%%
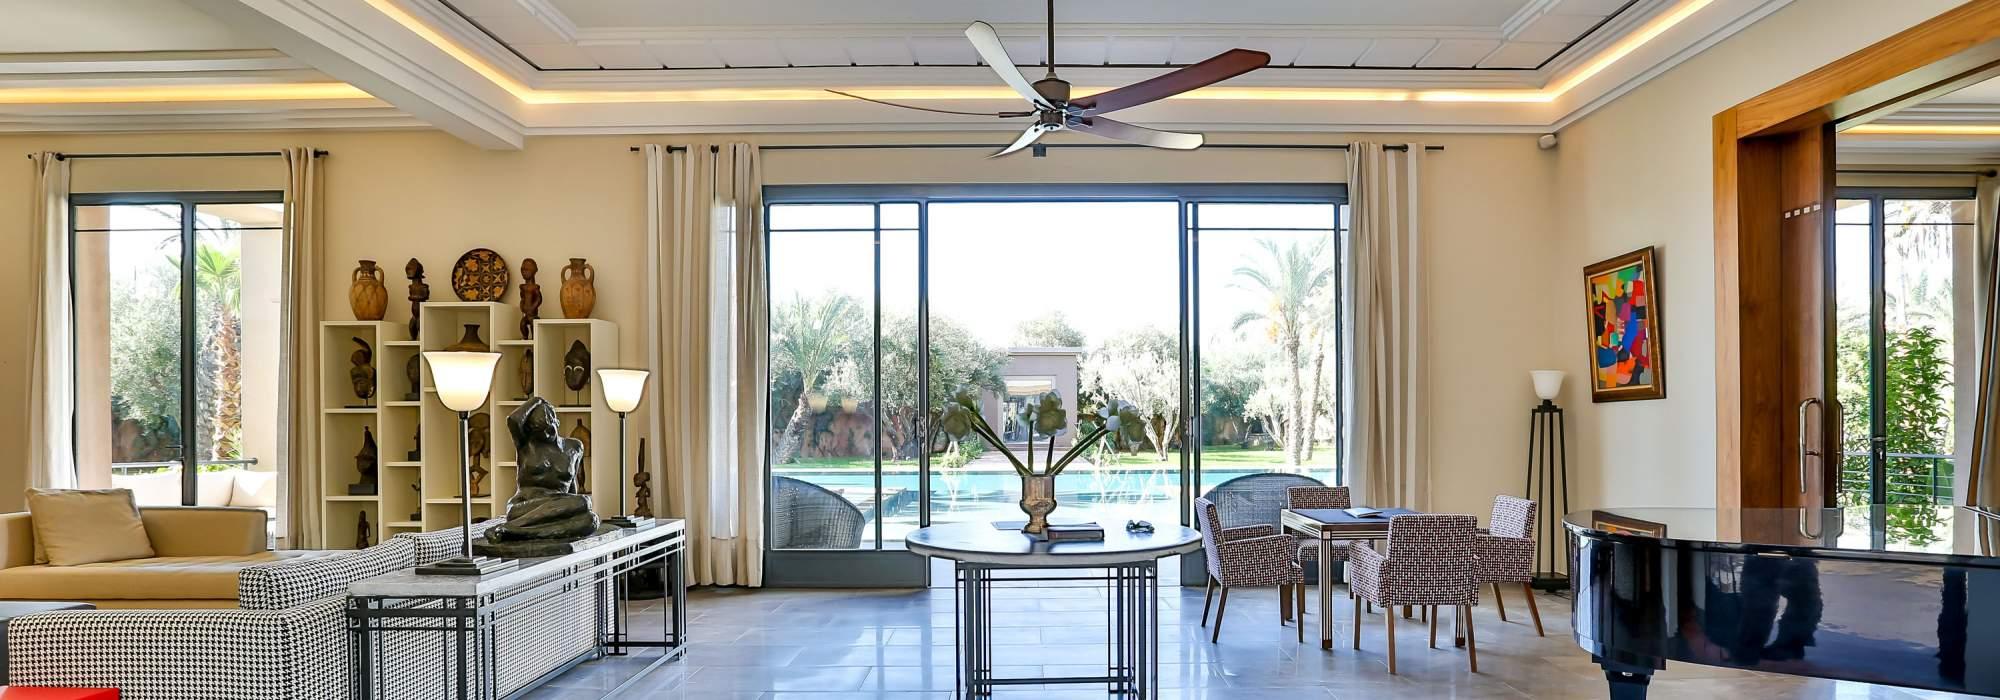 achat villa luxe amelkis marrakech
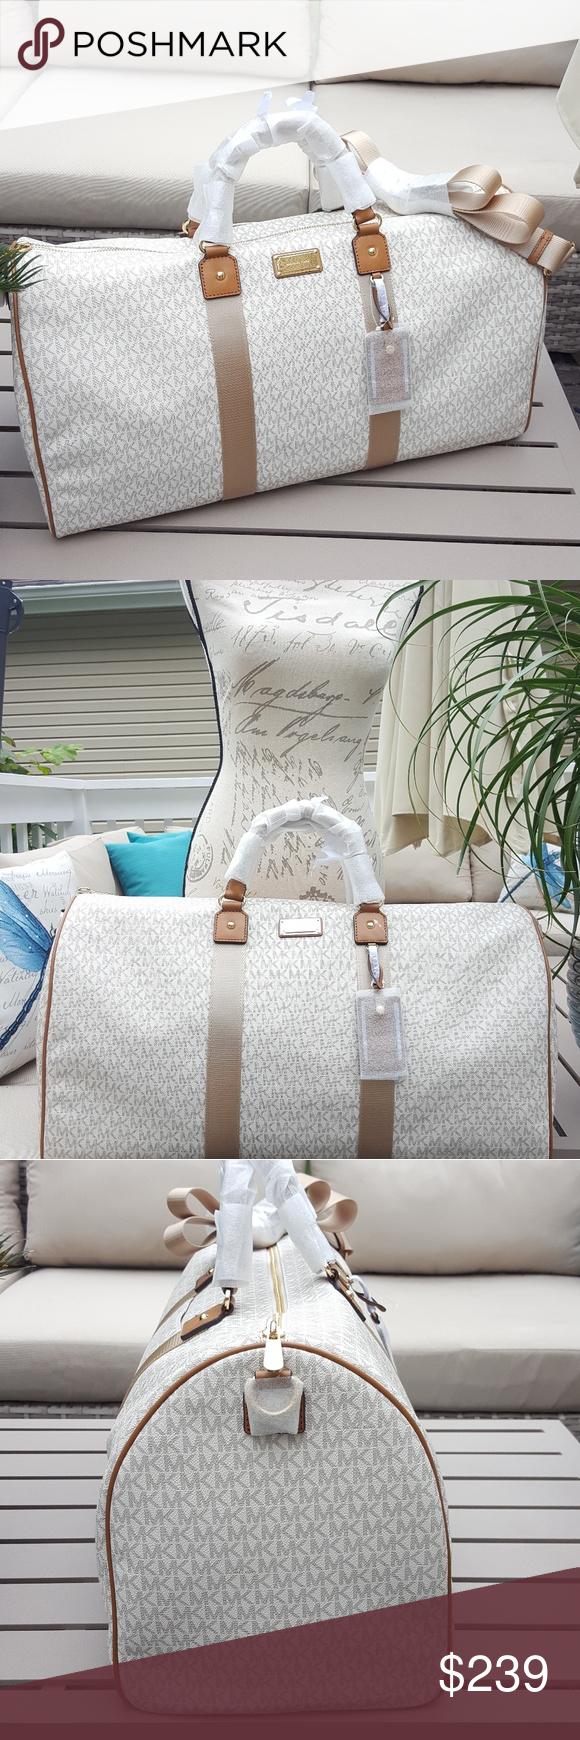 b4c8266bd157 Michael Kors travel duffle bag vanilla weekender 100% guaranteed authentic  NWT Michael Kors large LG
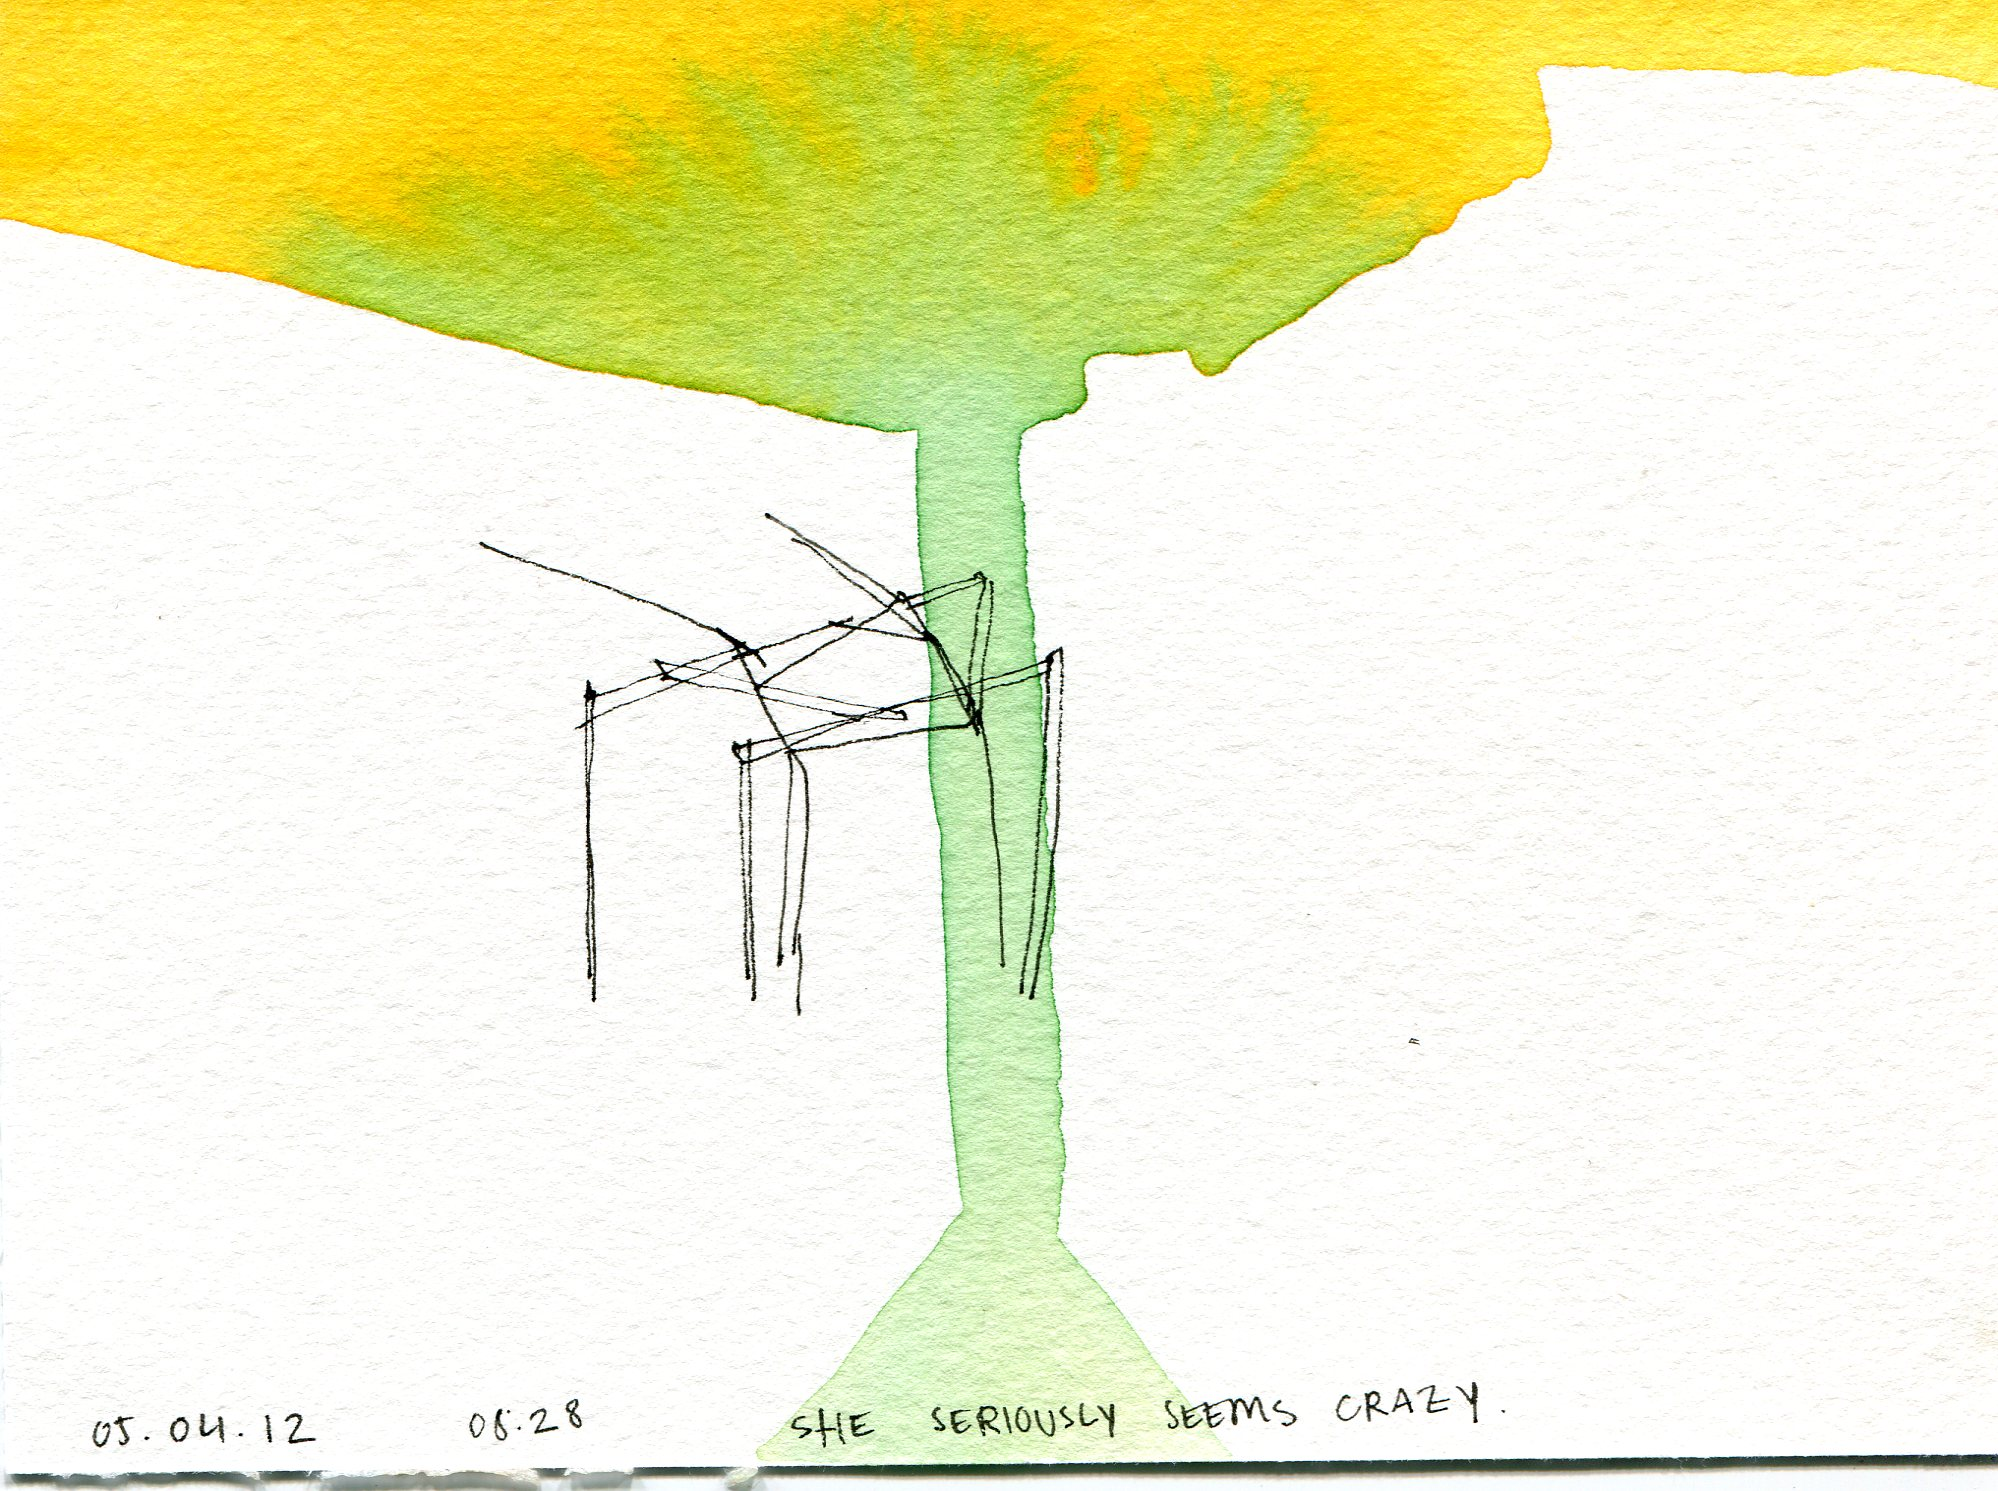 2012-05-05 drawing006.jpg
%%
◆ The problem:
The whole listing should be printed again exactly as written, images excluded.

◆ Task solution:
 achat villa luxe amelkis marrakech
 b4c8266bd157 Michael Kors travel duffle bag vanilla weekender 100% guaranteed authentic  NWT Michael Kors large LG
 2012-05-05 drawing006.jpg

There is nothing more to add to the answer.